# Been a while, but I am rising again



## BAYFISHER (Jul 6, 2001)

Just think, less than 30 days away, C&R will be on again at sandy point! Its been a long time fellas, but Im still alive, and have had 19 stays in hospital this last year, and feel good about posting my trite hellos to the fellas. Love me, or hate me, I love all you guys. FYI. NO RODS OR GEAR. Sold all (yes stupid!). Hell, I cant even afford a License right now.


----------



## kayak456 (Jun 5, 2012)

U actually catch rock on sandy point in feb


----------



## SpeedRacer (Sep 5, 2010)

BAYFISHER said:


> Just think, less than 30 days away, C&R will be on again at sandy point! Its been a long time fellas, but Im still alive, and have had 19 stays in hospital this last year, and feel good about posting my trite hellos to the fellas. Love me, or hate me, I love all you guys. FYI. NO RODS OR GEAR. Sold all (yes stupid!). Hell, I cant even afford a License right now.


Well well well.... It has been a while since we've heard from you. Glad to hear you are still around but sad to hear you were down and out. I was wondering where you've been hiding out. Hope you're on the mends for good.


----------



## jlentz (Sep 11, 2005)

Bayfisher what was your favorite rod and reel combo? I have a lot of fishing equipment that does not get used and can probably send you something like what you had. 

John


----------



## Manlystanley (Sep 22, 2010)

Bayfisher, glad your doing better. Hospital stays are the pits...

Best Regards,
Stan


----------



## fishingman88 (Apr 23, 2008)

jlentz said:


> Bayfisher what was your favorite rod and reel combo? I have a lot of fishing equipment that does not get used and can probably send you something like what you had.
> 
> John


Great thing for you to do John to help a fellow fisherman out. Praying things get better for you Bayfisher.


----------



## jcreamer (Mar 6, 2001)

Hey bayfisher
It looks like the old timers are coming back. I can feel as I have gone through a couple of surguries and am stuck with a brace on right leg.
I have a basement full of fishing equip it is used but clean and taken care or. Let me know if you need nuthing and _ will send it.
JohnC_j


----------



## BAYFISHER (Jul 6, 2001)

*yes its true if the planets are aligned*



kayak456 said:


> U actually catch rock on sandy point in feb


Yes, the latter part of that month if temps (water rise above 40). They either come in force, or have to wait some 3-6 hrs for a 28 inch rock.


----------



## BAYFISHER (Jul 6, 2001)

Im @ [email protected]. I was a member since pierandsurf opened, but im just a participant. I live in silver spring (was gaithersburg) had a car, 14 rods and reels (12000d and other reels) tica, and others, now small freshwater rod. I am open to any smaller 9-11 surf rod, and any reel spinner that works.thank you even for the gesture of gifting anyway. I cant pay for shipping.


----------



## BAYFISHER (Jul 6, 2001)

jcreamer said:


> Hey bayfisher
> It looks like the old timers are coming back. I can feel as I have gone through a couple of surguries and am stuck with a brace on right leg.
> I have a basement full of fishing equip it is used but clean and taken care or. Let me know if you need nuthing and _ will send it.
> JohnC_j


I am open to any surf rod 9-11, and any spinnin reel. prob only get out 4 times this year. god bless you for even suggesting a contribution. my email is same. [email protected]. dont drive, no car, bad legs and a bike.lol.


----------



## BAYFISHER (Jul 6, 2001)

we dont get old, we just fade away.


----------



## Big Rad (May 19, 2003)

Good to see you Len. I'm recovering from a broken neck and expect to be able to walk by trophy season. I'll make a deal if you pull the cart I drive and bring a couple of rods for you to use. We could even swing by and pick up some donated stuff.
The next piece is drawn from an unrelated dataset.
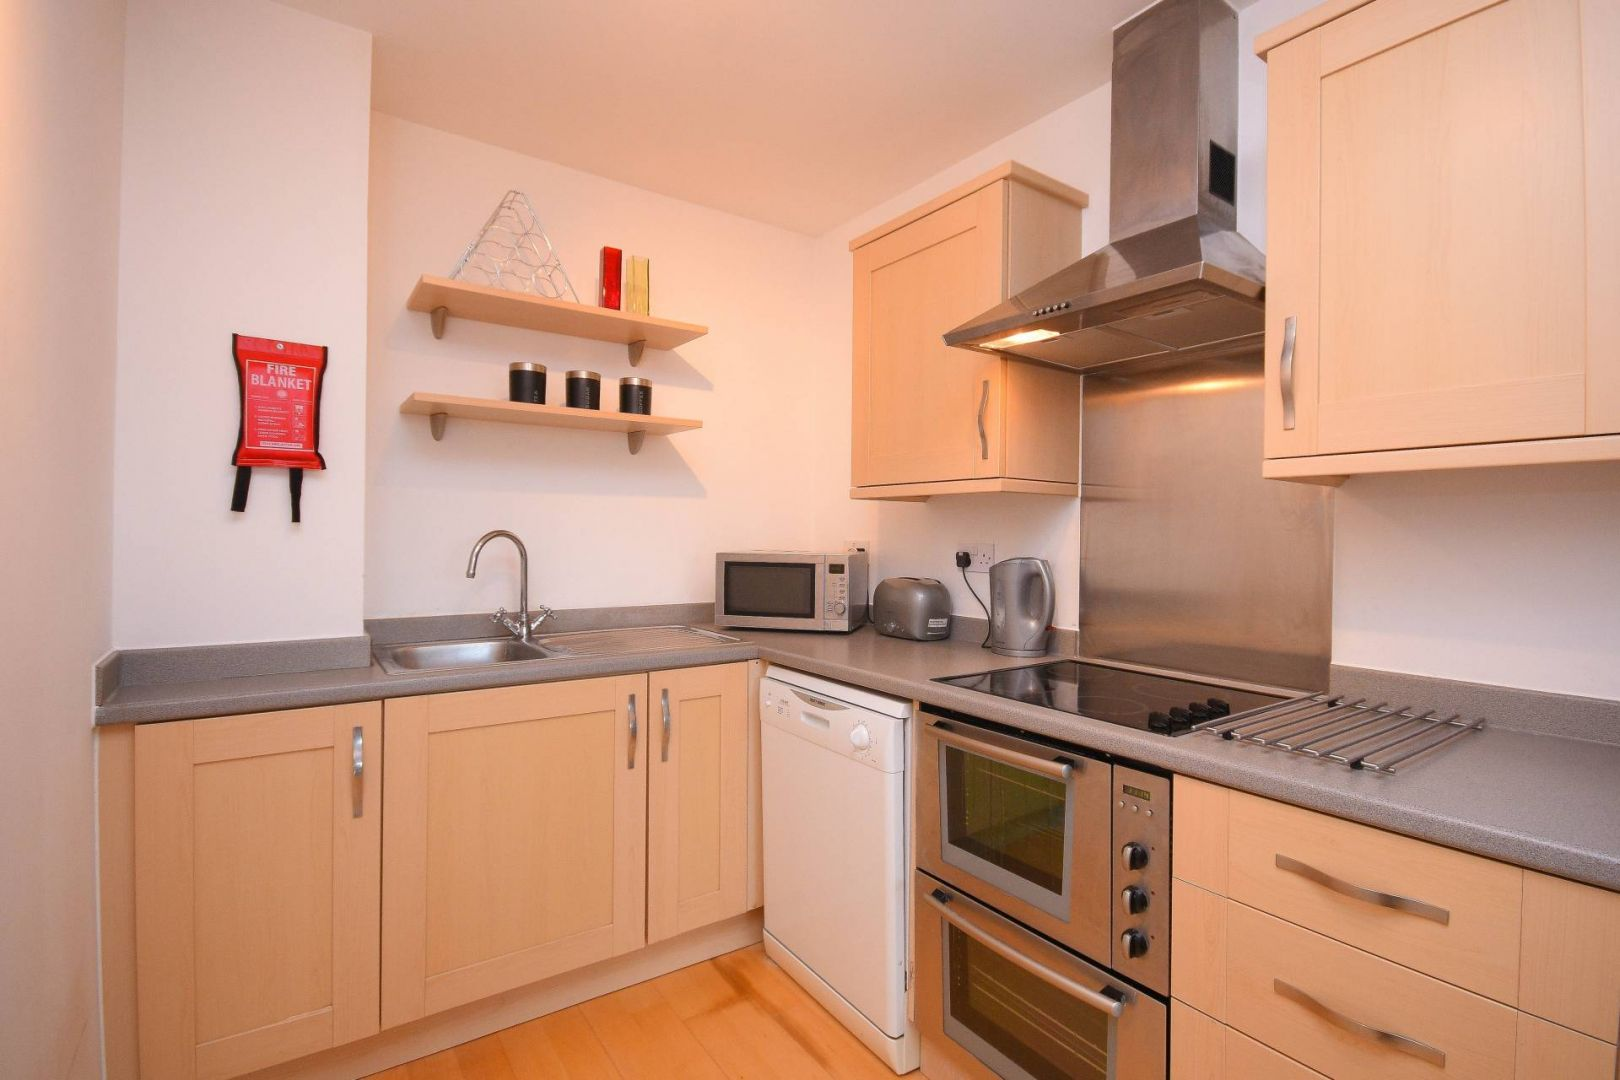 Sirocco Apartments, Southampton SO14 3JE

Hope does spring eternal.............


----------



## BAYFISHER (Jul 6, 2001)

*hospital report*



Big Rad said:


> Good to see you Len. I'm recovering from a broken neck and expect to be able to walk by trophy season. I'll make a deal if you pull the cart I drive and bring a couple of rods for you to use. We could even swing by and pick up some donated stuff.
> 
> Hope does spring eternal.............


just got out of holy cross hospital and have bronchitis/walking pnuemonia. other than that, if i am not near death, i will be your masta, and drag anything including my ownself to fish just for one day (hero: david bowie).


----------



## BAYFISHER (Jul 6, 2001)

we may be damaged goods, but we are not DEAD yet. Where theres life, theres hope in breath.


----------



## Manlystanley (Sep 22, 2010)

BAYFISHER said:


> Im @ [email protected]. I was a member since pierandsurf opened, but im just a participant. I live in silver spring (was gaithersburg) had a car, 14 rods and reels (12000d and other reels) tica, and others, now small freshwater rod. I am open to any smaller 9-11 surf rod, and any reel spinner that works.thank you even for the gesture of gifting anyway. I cant pay for shipping.
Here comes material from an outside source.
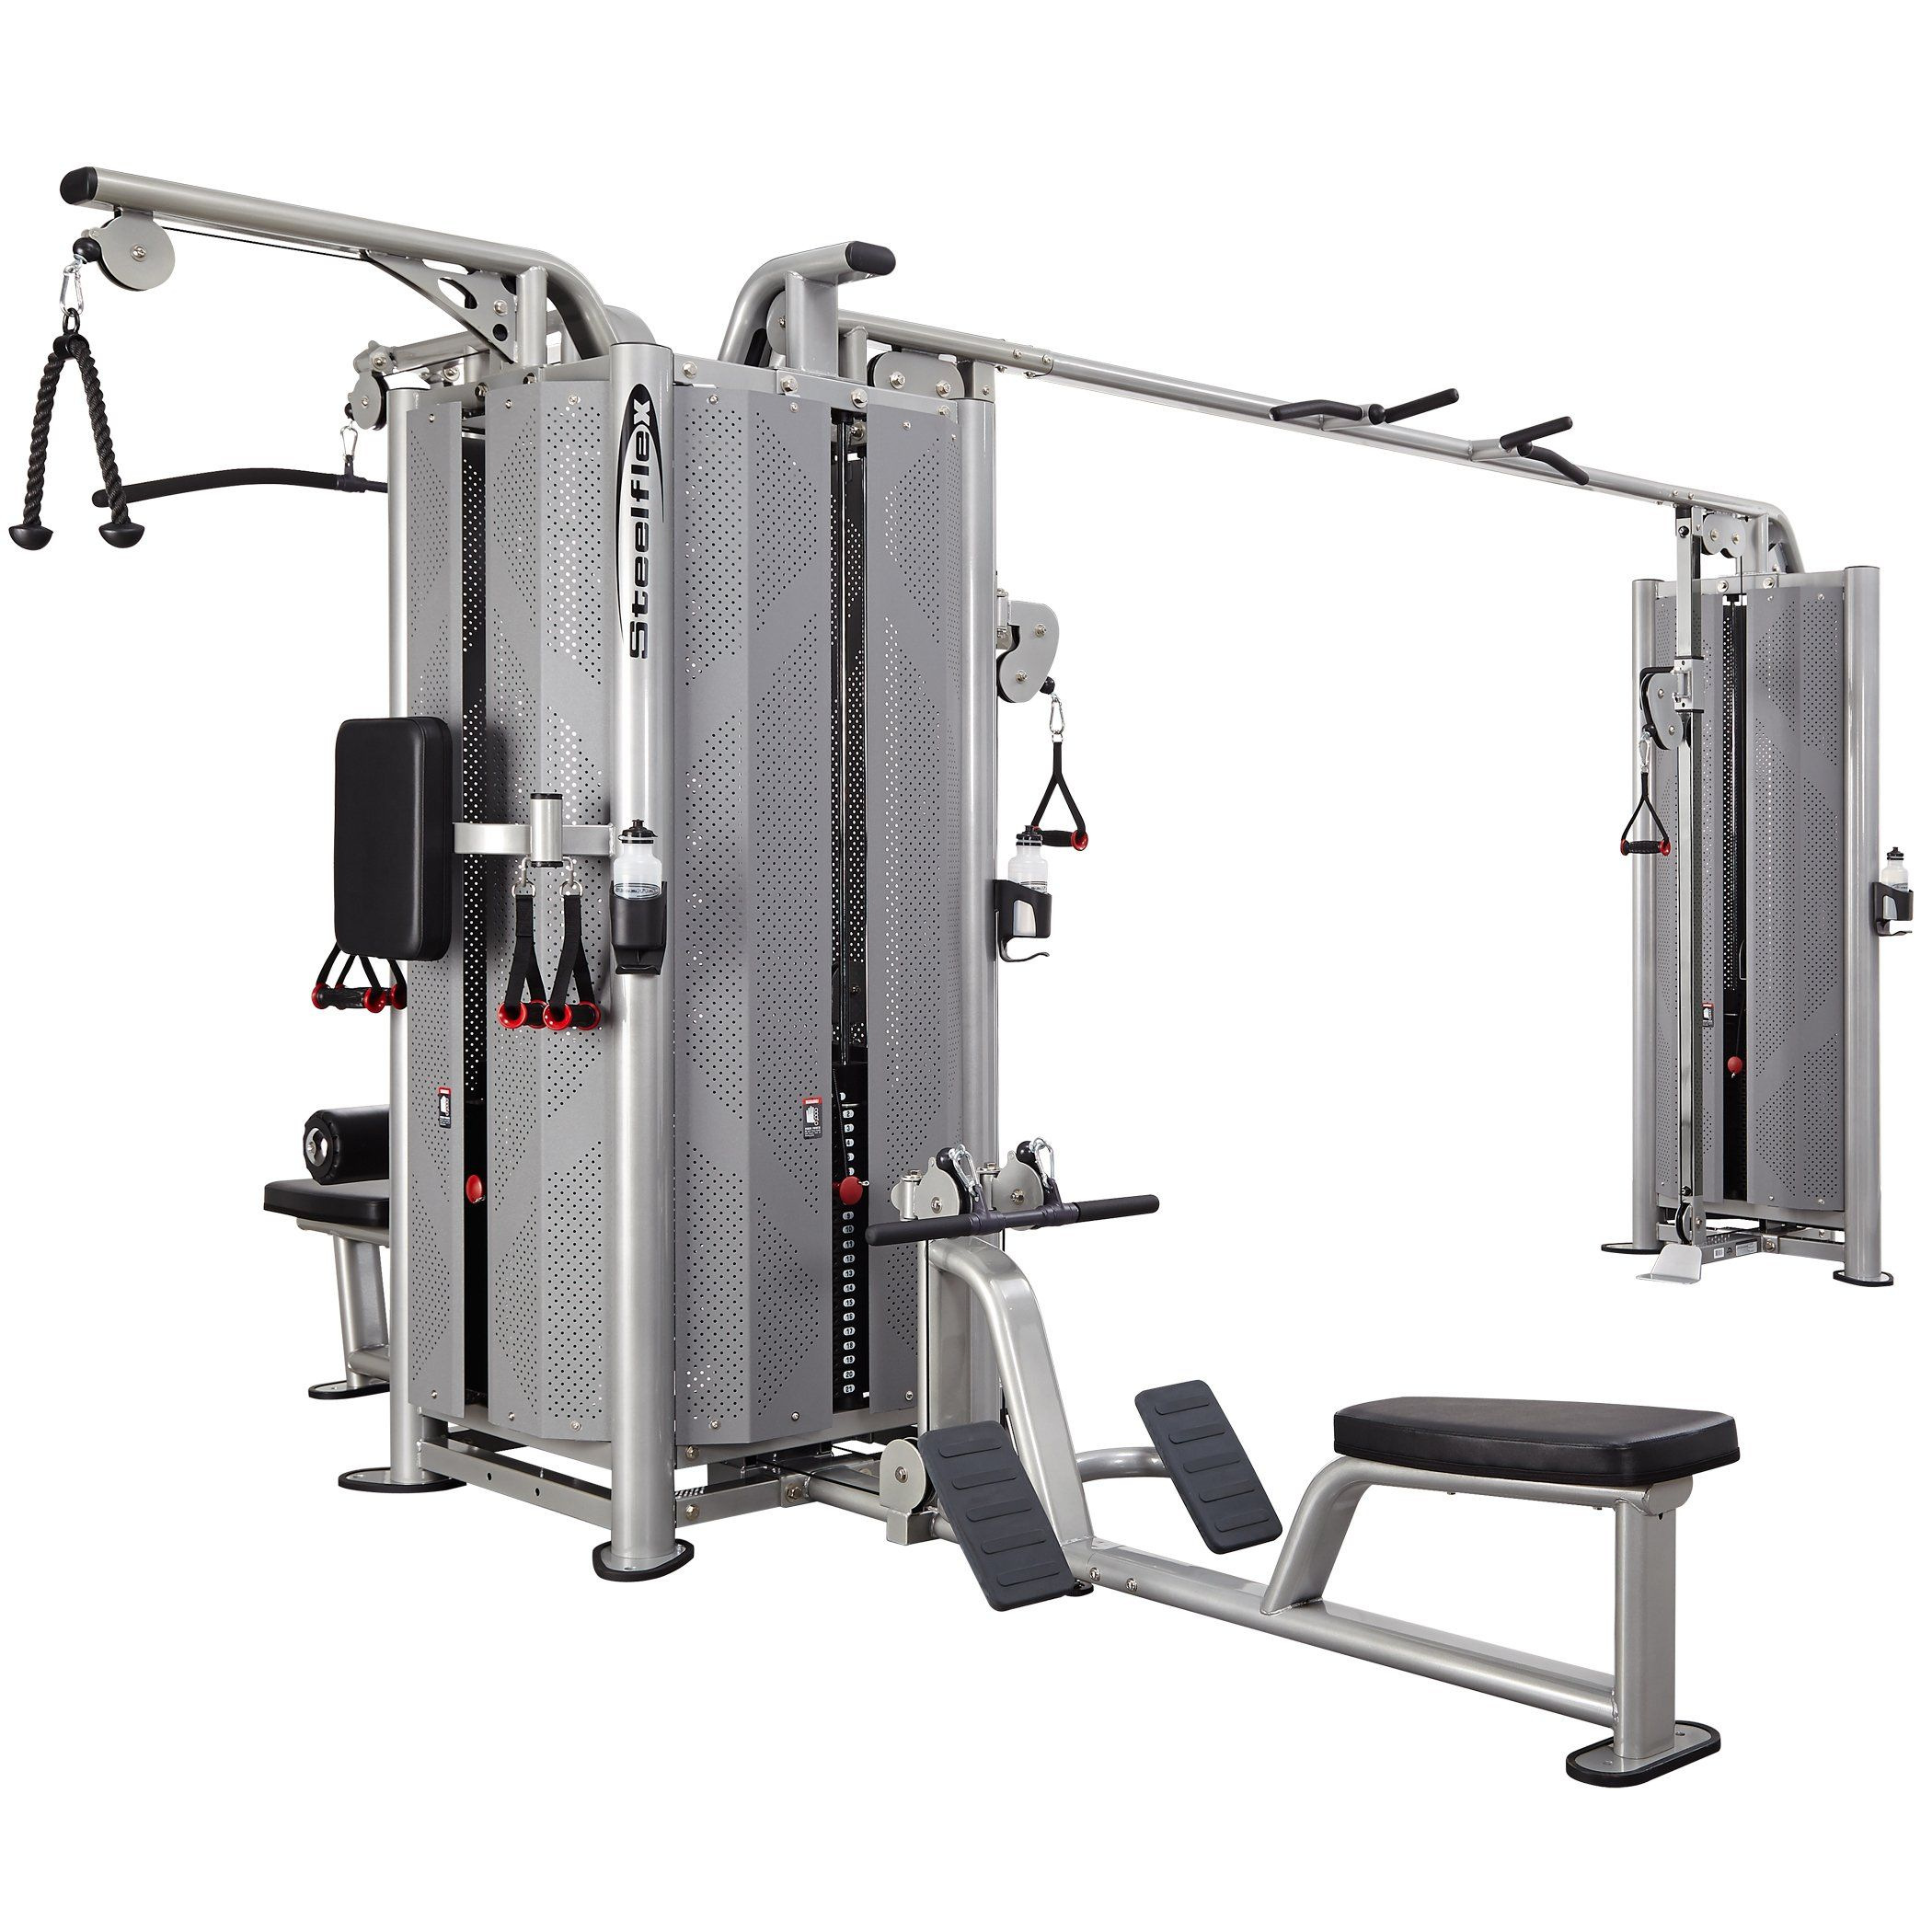 Jg5000s Steelflex Jungle Gyms Fitness Gym Fit Health Ohiofitnessgarage Fittnessequipment Workout Gymequipment At Home Gym No Equipment Workout Gym

BayFisher, I've got an older Daiwa BlackGold reel that I can let you have. It's a mid sized one (Not sure of the model number). The drag is not working the best, but I use it lots still. Don't have a spare rod though. Let me see what I can dig up. Send me a PM with your address, I'll drop it buy sometime. It's got 50 lb braid on it......

yes sir, this reel is just itching for a good fish, and it's wanting a new owner that can actually catch some fish.....


Best Regards,
Stan


----------



## Manlystanley (Sep 22, 2010)

Bayfisher: Tried to send you a PM with my address (in case you wanted to pick it up at my house). But, your mail box was full.

Best Regards,
Stan


----------



## BAYFISHER (Jul 6, 2001)

My PM is open now for anyone. If you desire an address, let me know. If you are like me, and am limited in resources and time, DON'T SWEAT IT.


----------



## BAYFISHER (Jul 6, 2001)

FIRST I HAVE TO WORK ON A LICENSE. Since I don't know if I will do fresh or Bay (and it sucks in silver spring), a fresh water reel or surf rod will do. I know you love your surf rods, and being realistic, if I had good rods, I wouldn't givem away either!


----------



## Manlystanley (Sep 22, 2010)

BAYFISHER said:


> FIRST I HAVE TO WORK ON A LICENSE. Since I don't know if I will do fresh or Bay (and it sucks in silver spring), a fresh water reel or surf rod will do. I know you love your surf rods, and being realistic, if I had good rods, I wouldn't givem away either!


Hello Bayfisher,
Got the same error again:

"The following errors occurred with your submission
BAYFISHER has exceeded their stored private messages quota and cannot accept further messages until they clear some space."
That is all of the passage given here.